DATASET CONTENT
-- Opening Marker --

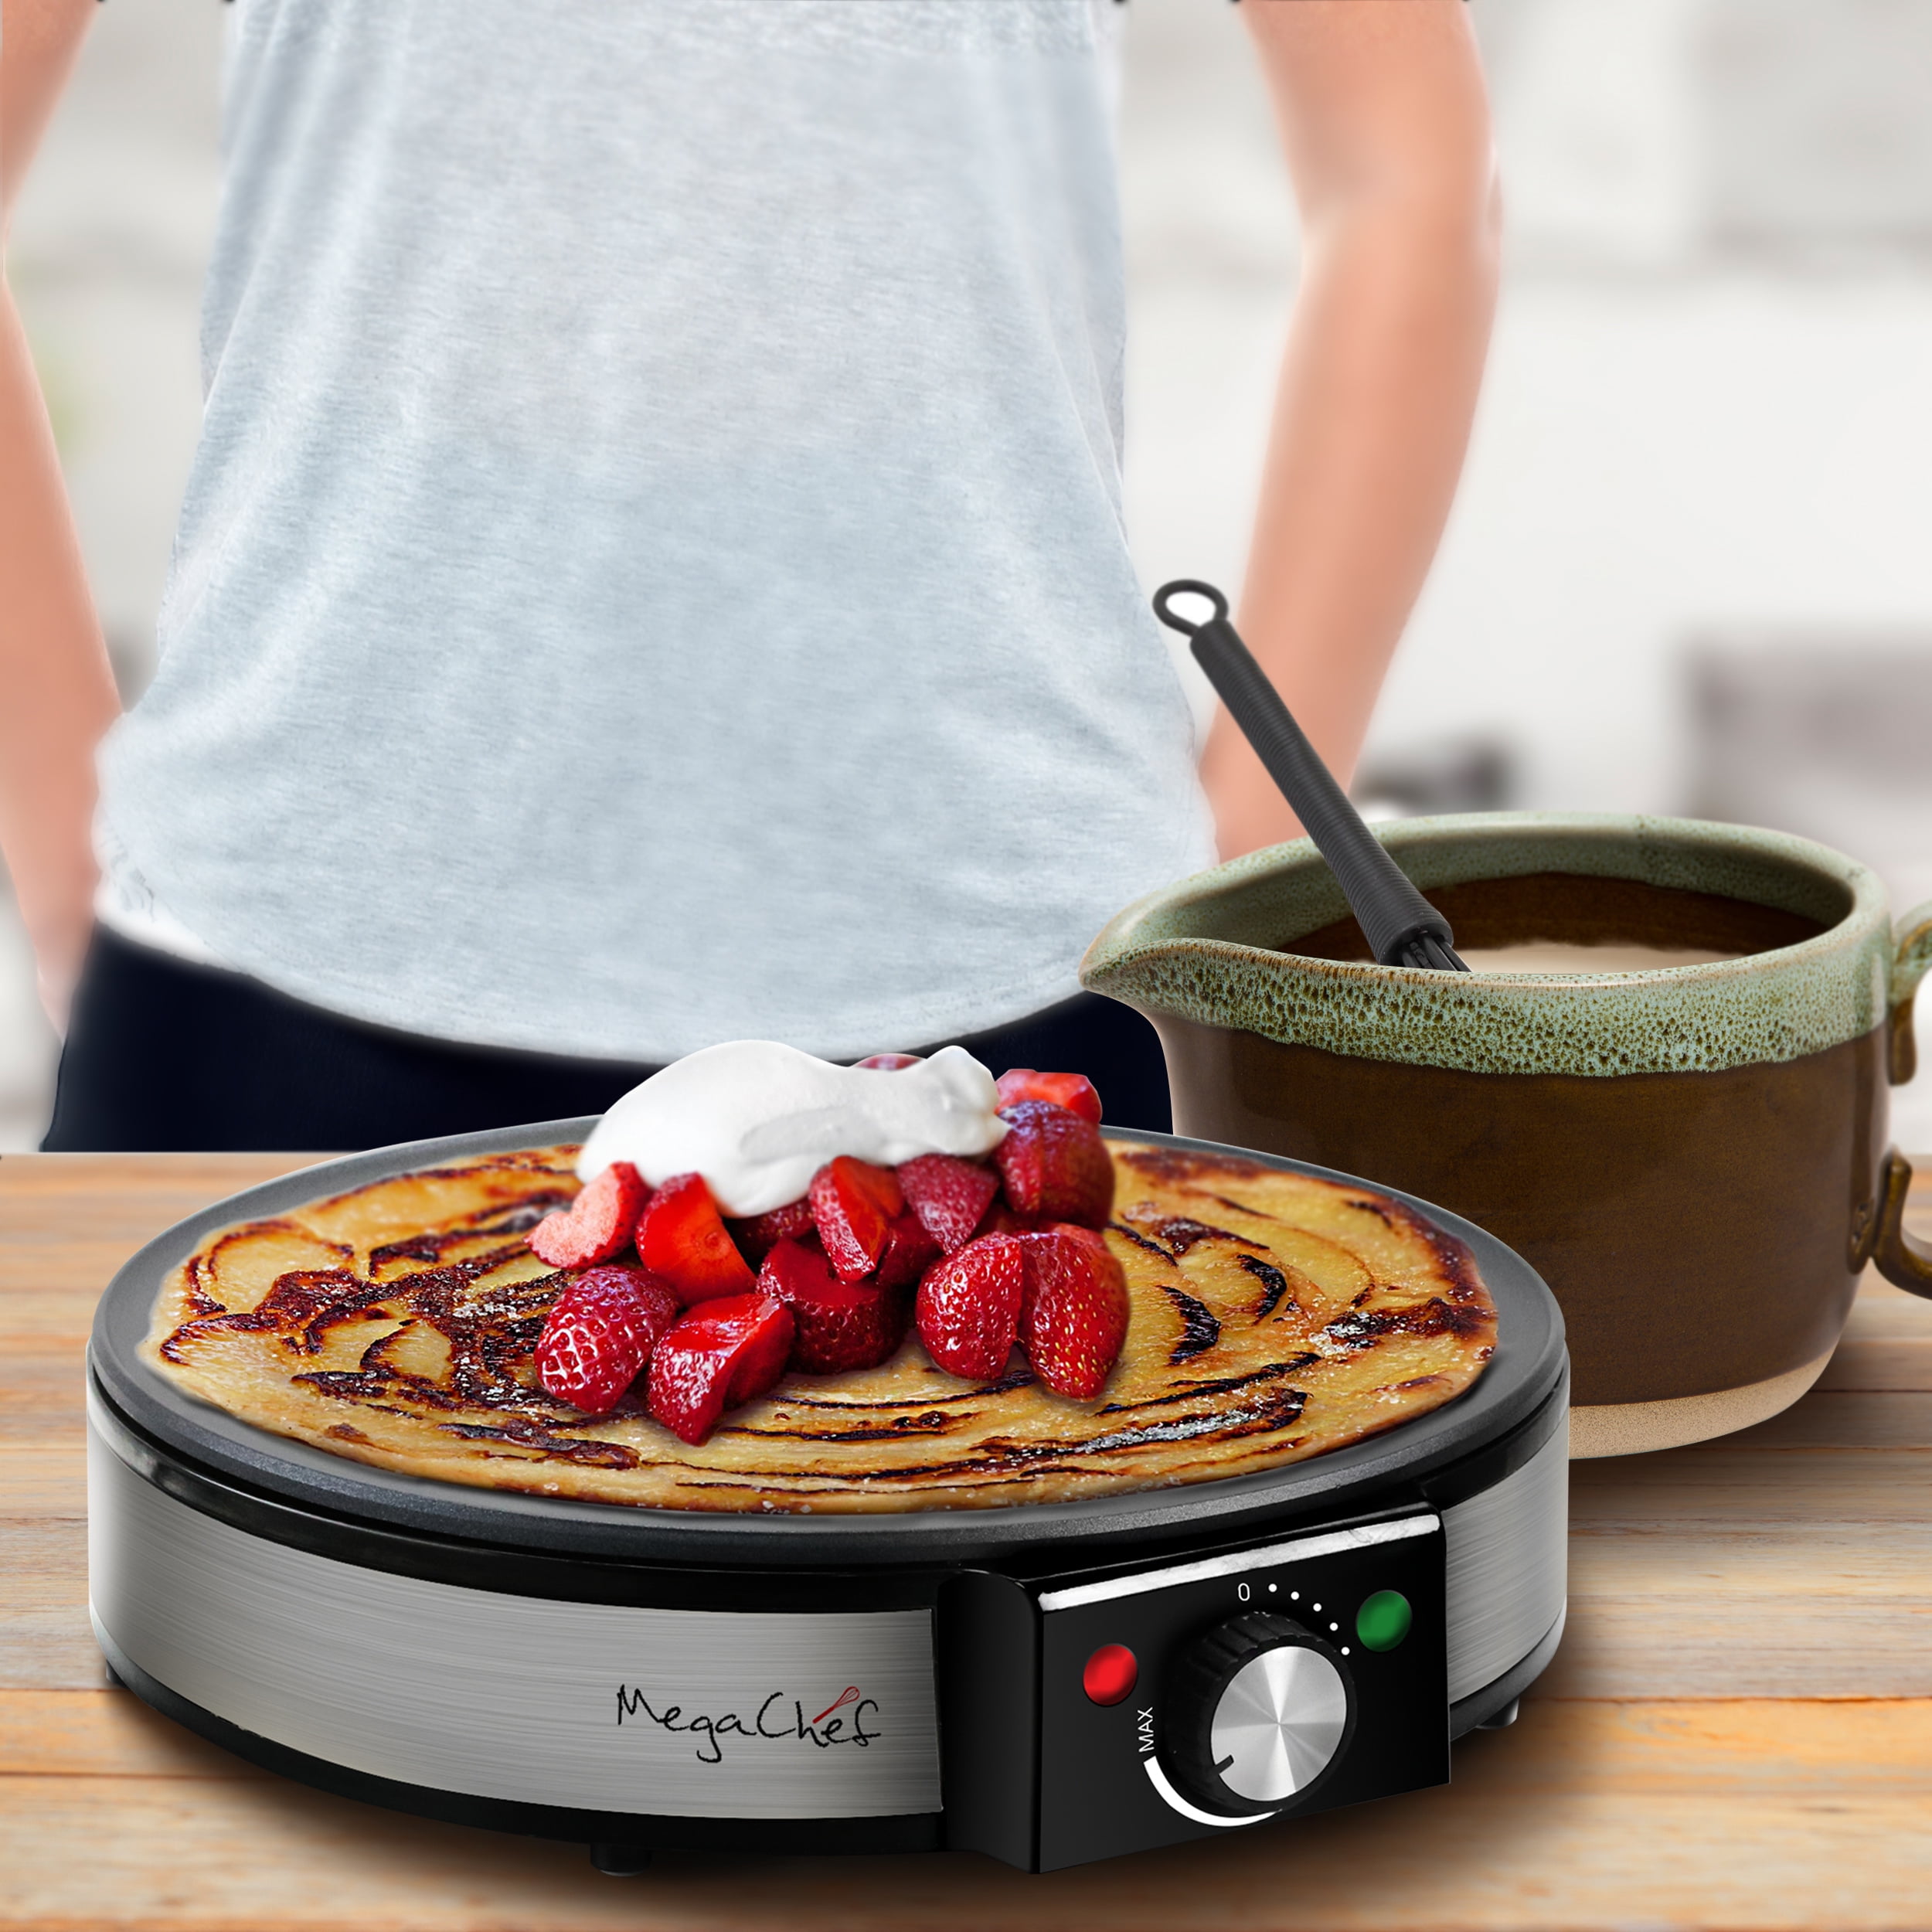  Clockitchen Pancake Pan Nonstick Griddle Pancake Maker
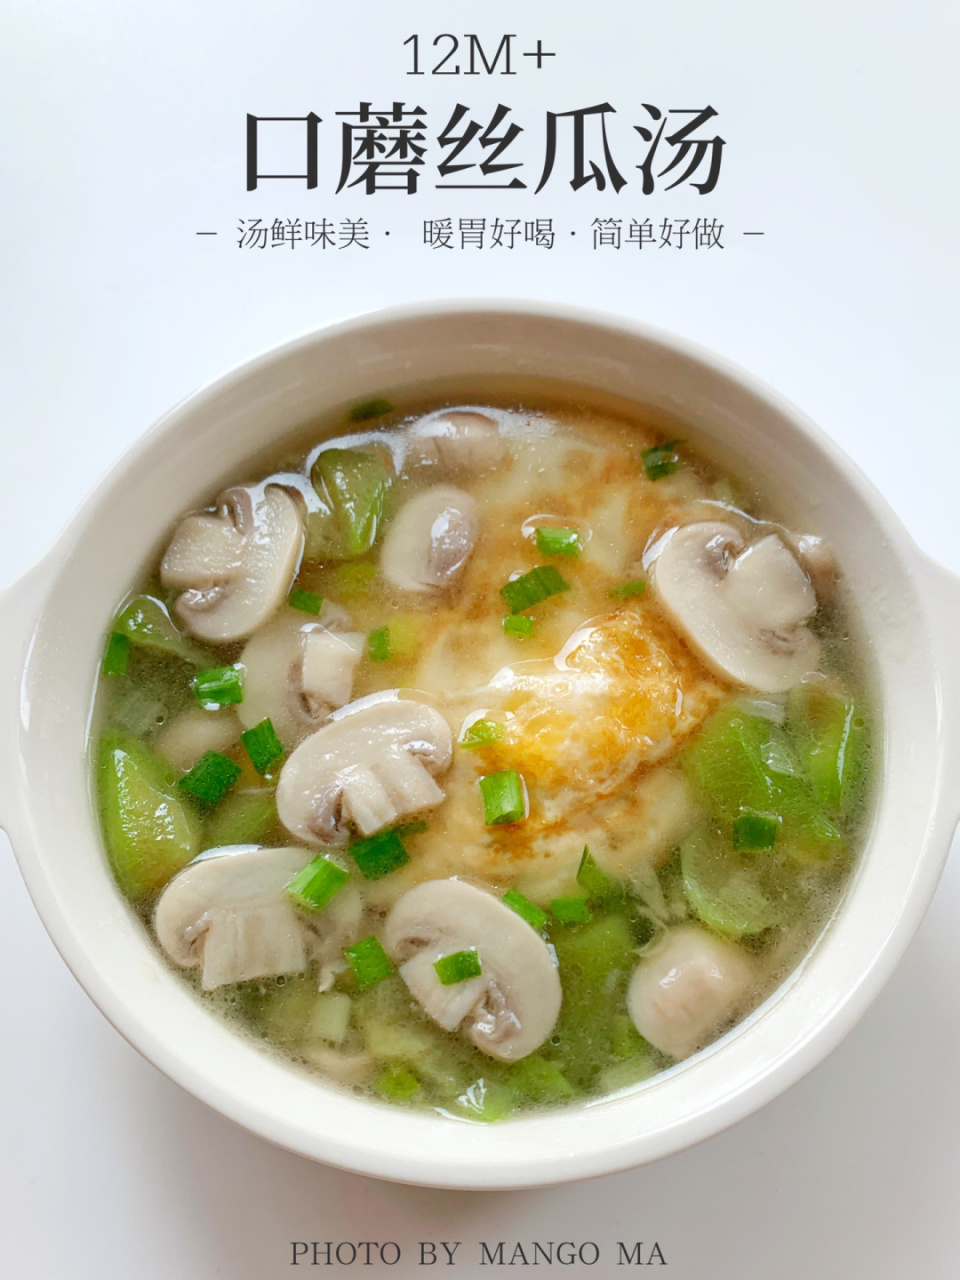 口蘑丝瓜汤·汤鲜味美·暖胃好喝·10分钟搞定 前面分享了口蘑煎蛋汤
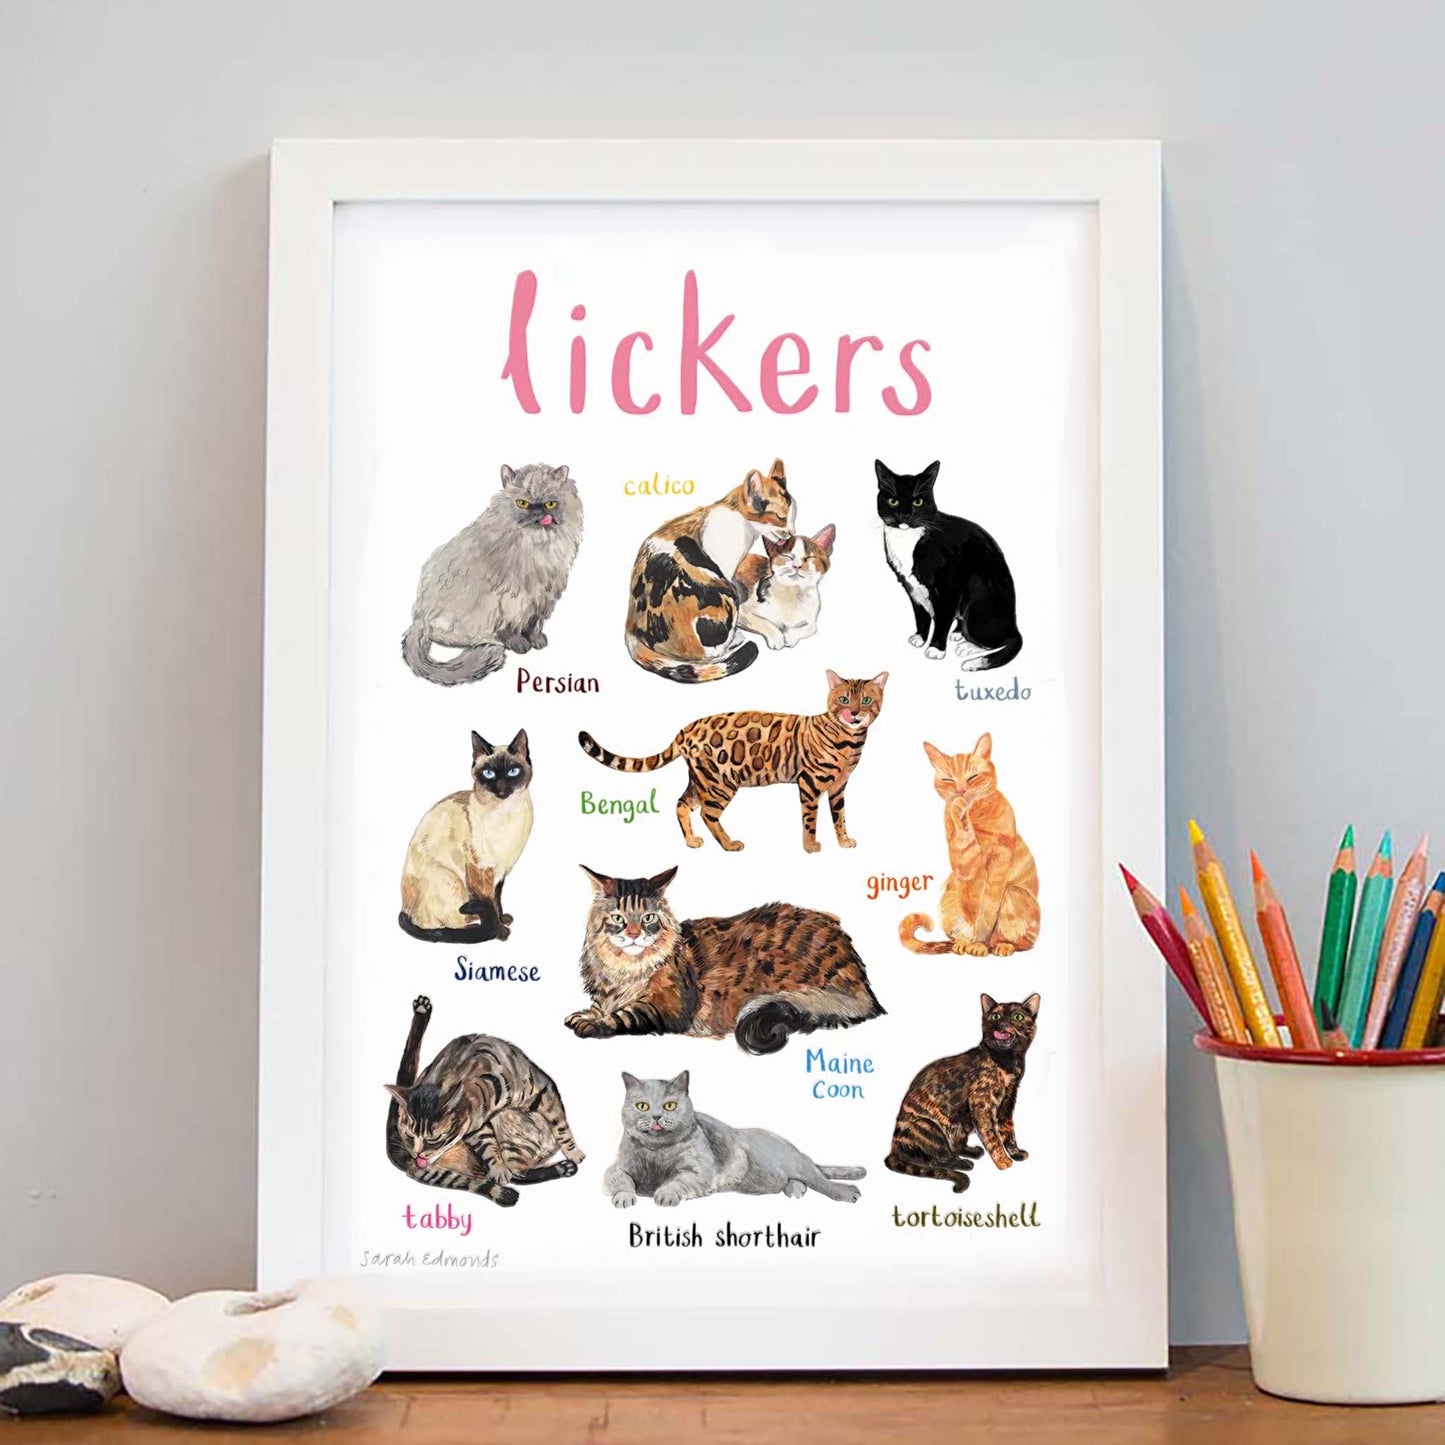 Lickers Art Print - A4

-- Closing Marker --

AIM OF THE EXERCISE
Return each line above word for word. Skip the pictures.

OUTPUT OF THE EXERCISE
  Clockitchen Pancake Pan Nonstick Griddle Pancake Maker
 口蘑丝瓜汤·汤鲜味美·暖胃好喝·10分钟搞定 前面分享了口蘑煎蛋汤
 Lickers Art Print - A4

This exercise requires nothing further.